Bu eksik ve denetlenemez raporlar nedeniyle yıkımın çok aktörlü yapısının göz ardı edildiği, tüm sorumluluğun sistematik biçimde inşaat mühendislerine yüklendiği ifade edildi.

“21 yıla varan cezalar öç alma duygusuyla veriliyor”

Açıklamanın en dikkat çekici bölümlerinden birinde, bazı davalarda inşaat mühendislerine 21 yıla varan hapis cezaları verildiği hatırlatıldı. İMO, bu cezaların ceza hukukunun temel amacı olan adalet ve orantılılık ilkesiyle bağdaşmadığını belirterek, toplumdaki acı ve öfkeyi bastırmaya yönelik bir “öç alma” anlayışının yargı süreçlerine hâkim olduğu uyarısında bulundu.

“Ceza hukukunun amacı intikam almak değildir” denilen açıklamada, aksi hâlde yargının adalet dağıtan bir mekanizma olmaktan çıkıp cezalandırıcı ve intikamcı bir yapıya dönüşeceği vurgulandı.

“Sorumluluk yalnızca mühendislerin değil”

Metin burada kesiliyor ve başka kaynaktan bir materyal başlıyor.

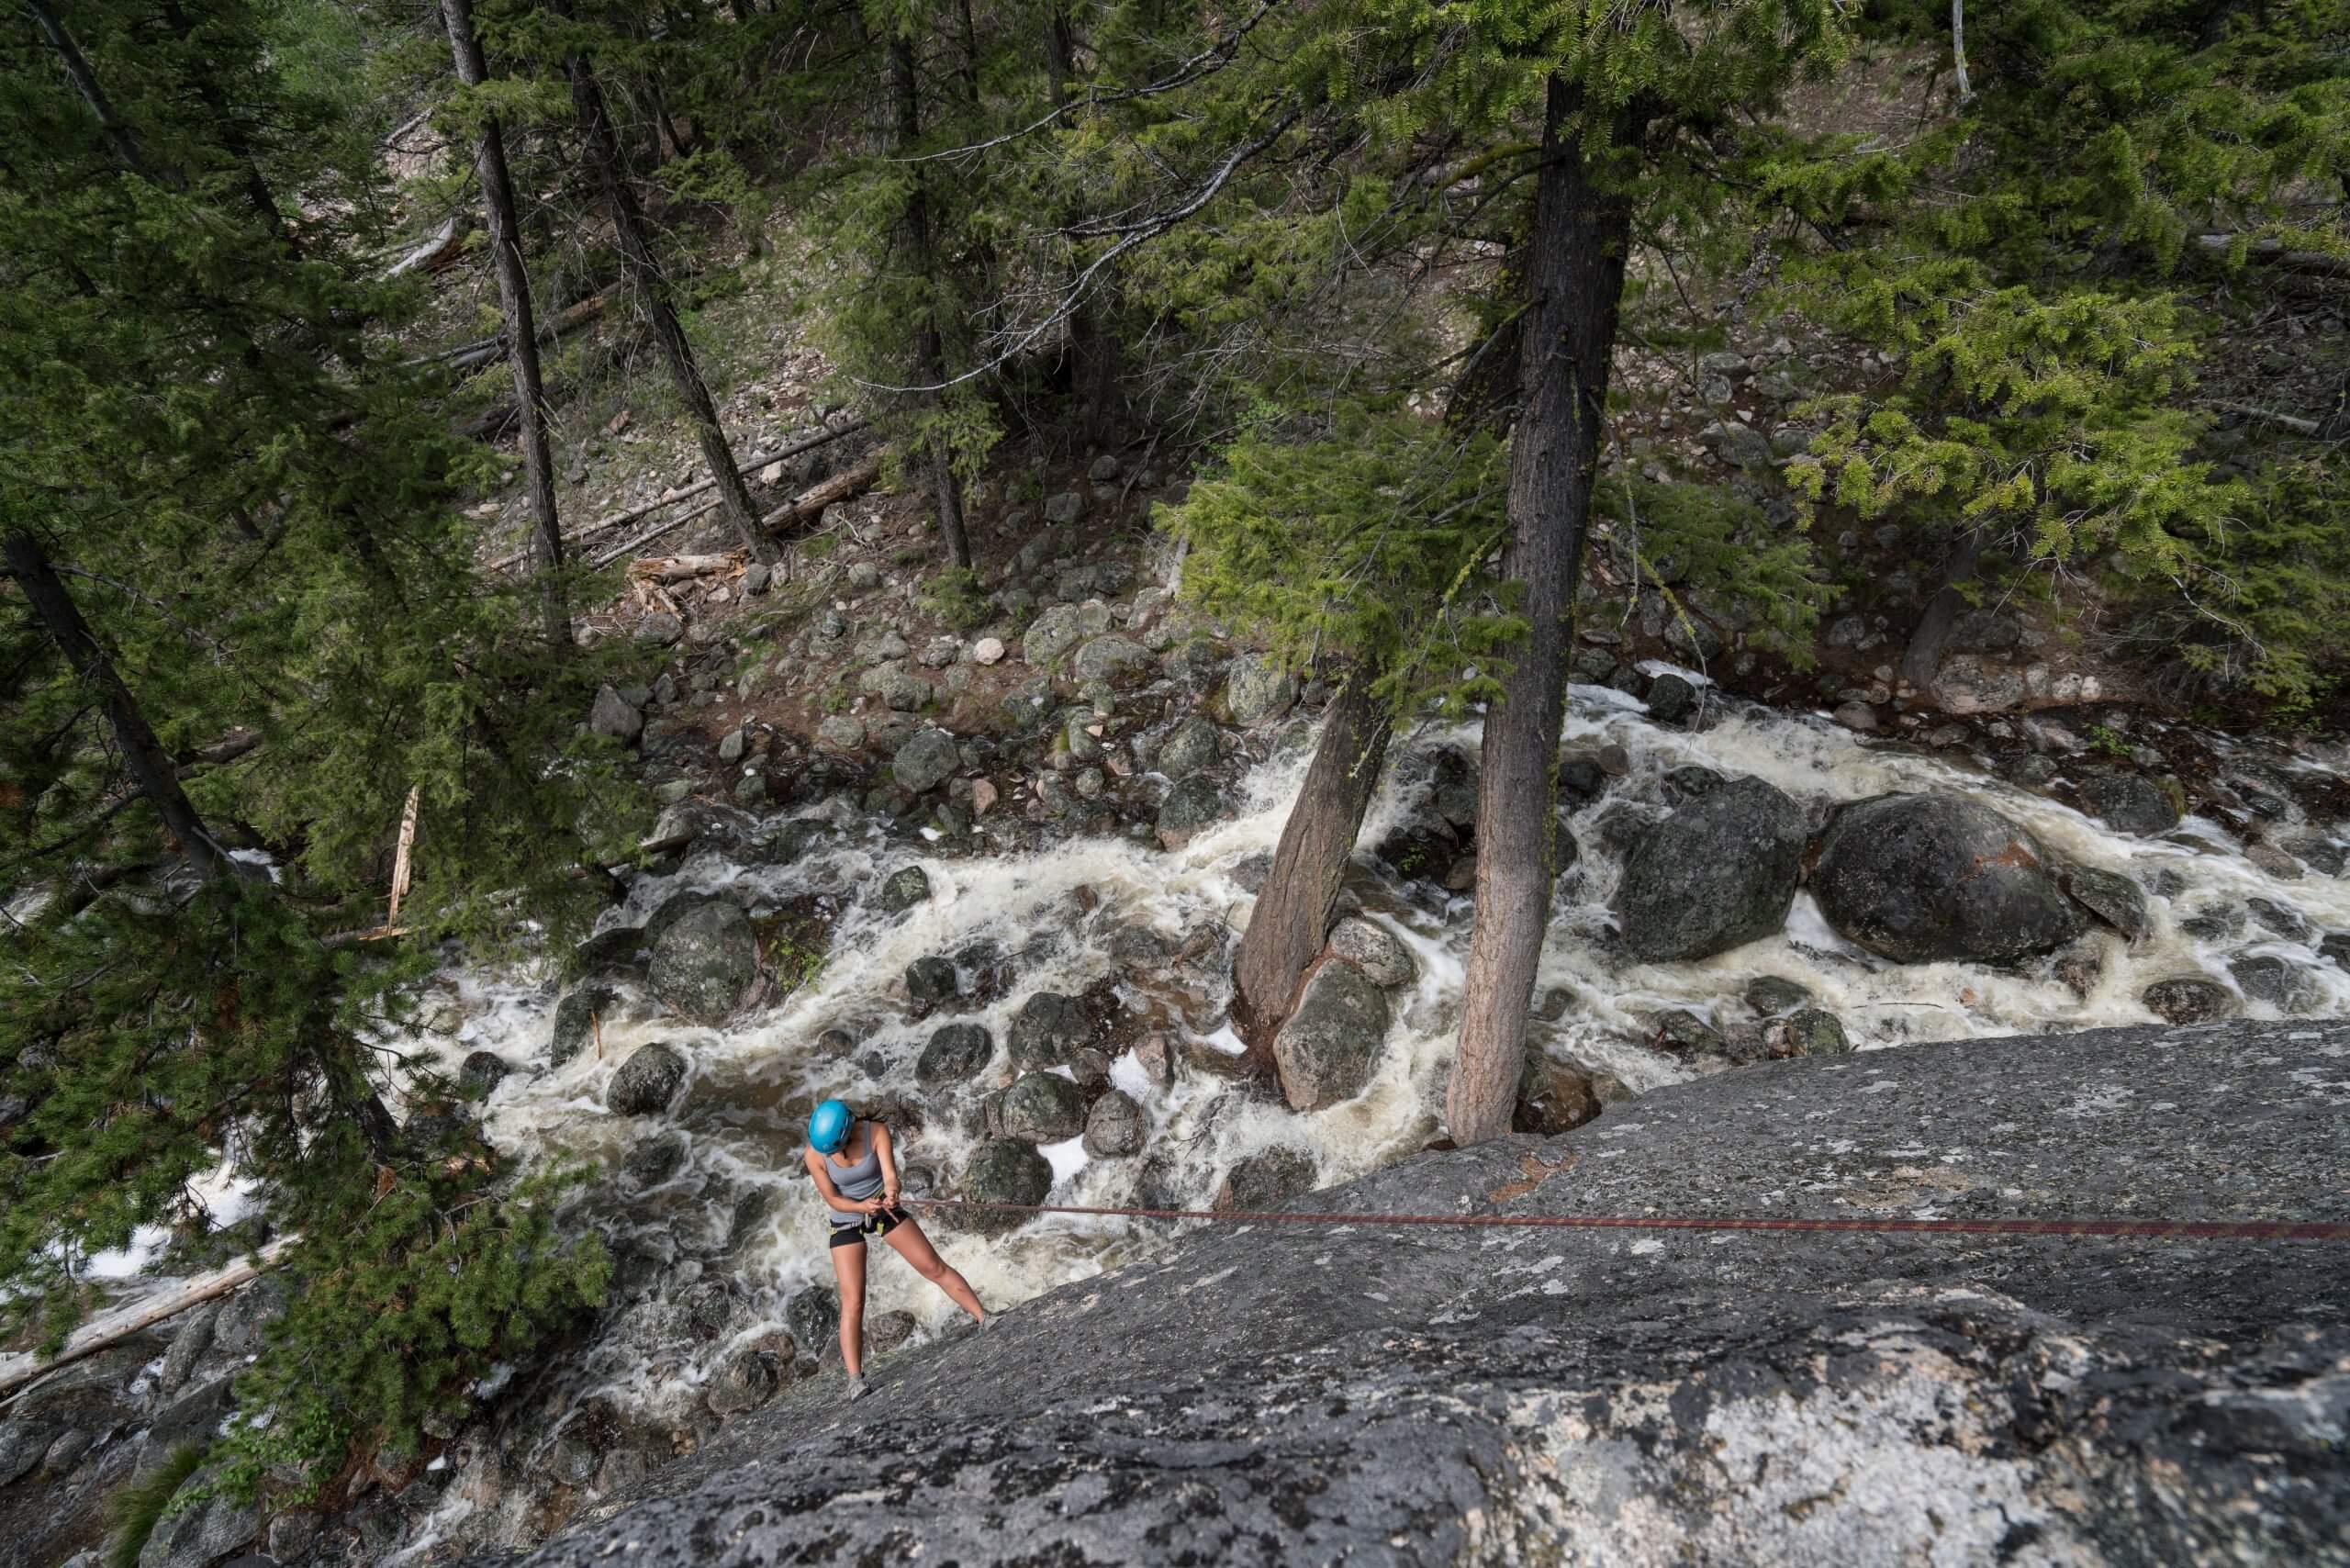 rock climber above a mountain stream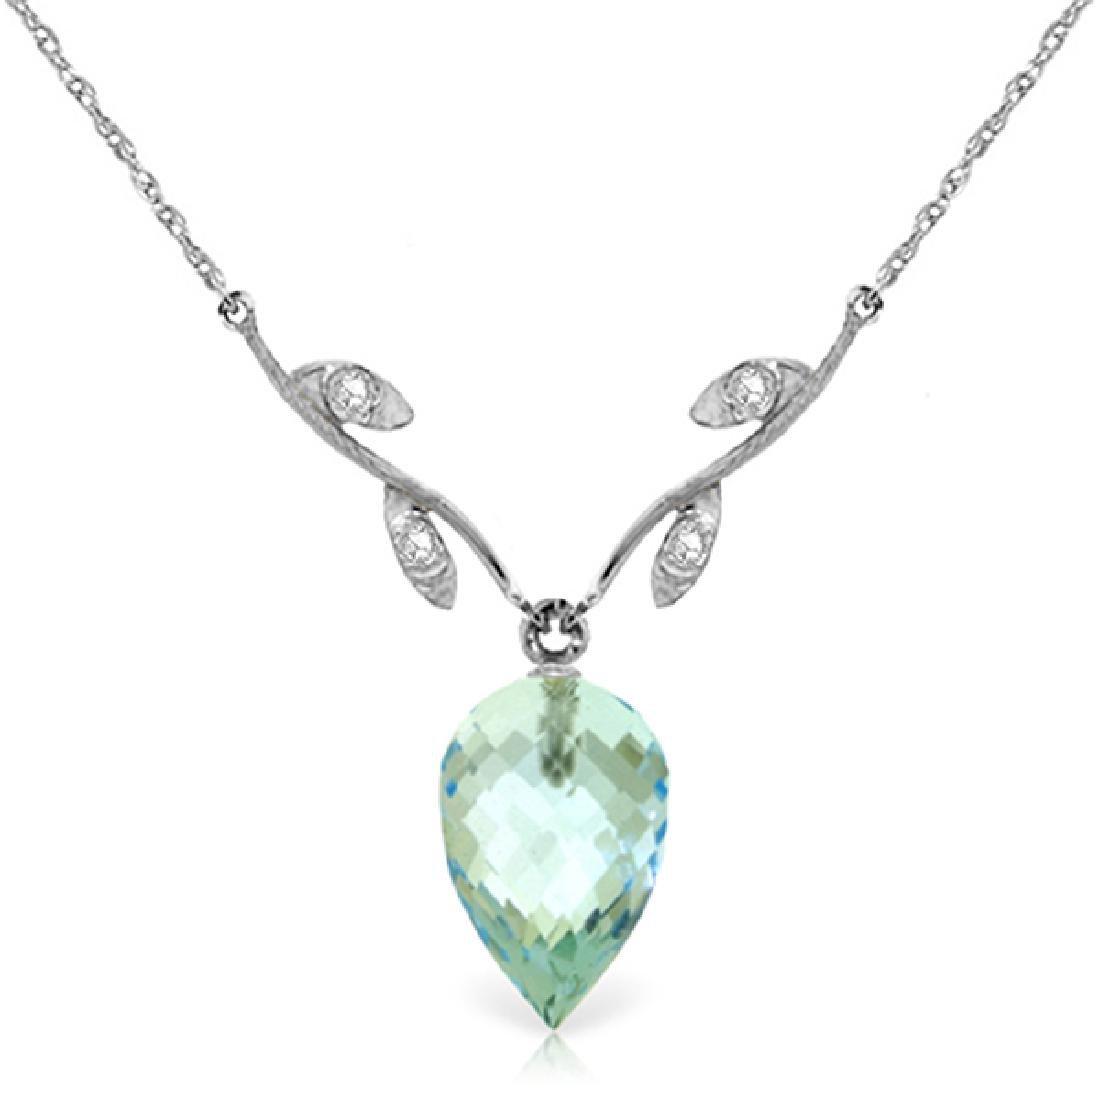 Genuine 11.27 ctw Blue Topaz & Diamond Necklace Jewelry

İMO, böylesine büyük bir yıkımda yalnızca projelendirme hatalarının değil; zemin koşulları, uygulama kalitesi, yapı denetim zaafları, izinsiz müdahaleler, imar afları, kentsel planlama eksiklikleri ve kamu denetiminin çöküşü gibi pek çok unsurun birlikte etkili olduğuna dikkat çekti. Buna rağmen yargı süreçlerinde kamu idareleri ve karar vericilerin büyük ölçüde sorumluluk dışında bırakıldığı ifade edildi.

Beş maddelik çağrı

TMMOB İnşaat Mühendisleri Odası, açıklamasında yargı mercilerine ve kamuoyuna şu çağrılarda bulundu:

6 Şubat depremlerinin olağanüstü ve çok aktörlü niteliği dikkate alınmadan verilen ağır ve orantısız cezalar iptal edilmeli

Yargılamalar bilimsel bilirkişilik ve kusur oranı esas alınarak yürütülmeli

Denetim ve karar mekanizmalarında görev alan kamu idareleri ve yöneticiler de yargı önüne çıkarılmalı

Mesleğini iyi niyetle icra eden inşaat mühendisleri hedef gösterilmemeli

Hukuksuz kararlar istinaf ve temyiz aşamalarında derhâl düzeltilmeli

“Bugün susarsak, yarın hep birlikte enkaz altında kalırız”

Açıklama, “İnşaat mühendisleri bu ülkenin düşmanı değil; altyapısını kuran, geleceğini inşa eden üretici gücüdür” ifadeleriyle son bulurken, hukukun ve toplumsal vicdanın korunması çağrısı yapıldı.